Предположение об инстинкте смерти удовлетворительно тем, что принимает в расчет полный вес разрушительных тенденций, которым не придавалось значения в ранних теориях Фрейда. Однако оно прибегает к биологическому объяснению, которое не принимает во внимание тот факт, что размер разрушительности очень различен у разных людей и социальных групп. Если бы гипотеза Фрейда была верна, нам следовало бы считать, что степень разрушительности, направленной то ли против других, то ли против себя более или менее постоянна. Однако мы наблюдаем нечто прямо противоположное. Не только вес разрушительных тенденций у разных индивидов в нашей культуре сильно колеблется, он различен и у разных социальных групп. Так, например, в Европе уровень разрушительности у представителей низшего среднего класса много выше, чем у рабочих или у верхушки общества. Антропологические исследования познакомили нас с народами, для которых характерен особенно высокий уровень разрушительности, в то время как другие демонстрируют не менее заметное ее отсутствие, касается ли это враждебности к другим или к себе.

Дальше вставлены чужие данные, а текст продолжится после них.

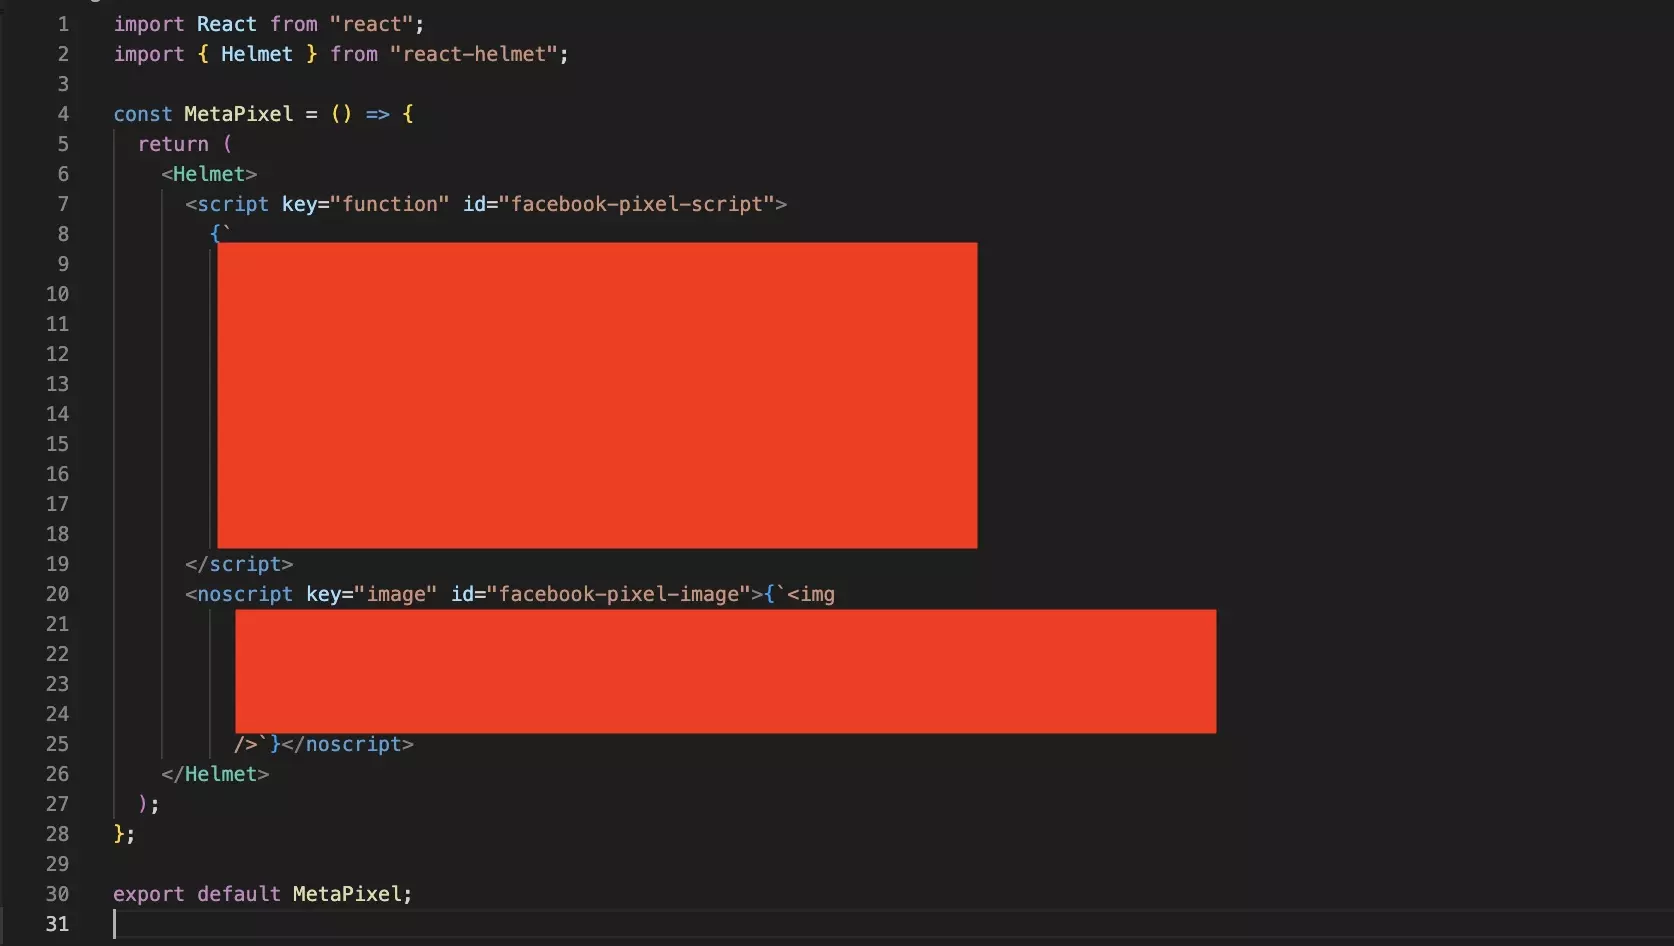 A screenshot of VSCode showing the code required to integrate the Facebook Pixel into a react or gatsbyjs website.

Представляется, что любая попытка понять корни разрушительности должна начинаться с рассмотрения этих различий и с вопроса о том, какие другие дифференцирующие факторы могут наблюдаться и не могут ли эти факторы быть причиной различий в уровне разрушительности.
Разрешение этой проблемы сопряжено с такими трудностями, что требует отдельного детального рассмотрения, которое не может быть проведено здесь. Впрочем, я хотел бы сделать предположение о том, где можно искать ответ на этот вопрос. Мне кажется, что уровень разрушительности, который может быть обнаружен у разных людей, пропорционален степени, в которой ограничивается их экспансивность. Под этим мы подразумеваем не личные фрустрации того или иного инстинктивного желания, а отвержение жизни в целом, блокирование спонтанности роста и выражения чувственных, эмоциональных и интеллектуальных возможностей человека. Жизнь обладает собственным внутренним динамизмом; она имеет тенденцию расти, быть выраженной, быть прожитой. Представляется, что если эта тенденция встречается с препятствиями, энергия, направленная на жизнь, подвергается распаду и меняется на энергию, направленную на разрушение. Другими словами, стремление к жизни и стремление к разрушению не являются взаимно независимыми факторами, но состоят в обратной взаимозависимости. Чем больше препятствий встречает стремление к жизни, тем сильнее становится стремление к разрушению; чем полнее реализуется жизнь, тем слабее разрушительность.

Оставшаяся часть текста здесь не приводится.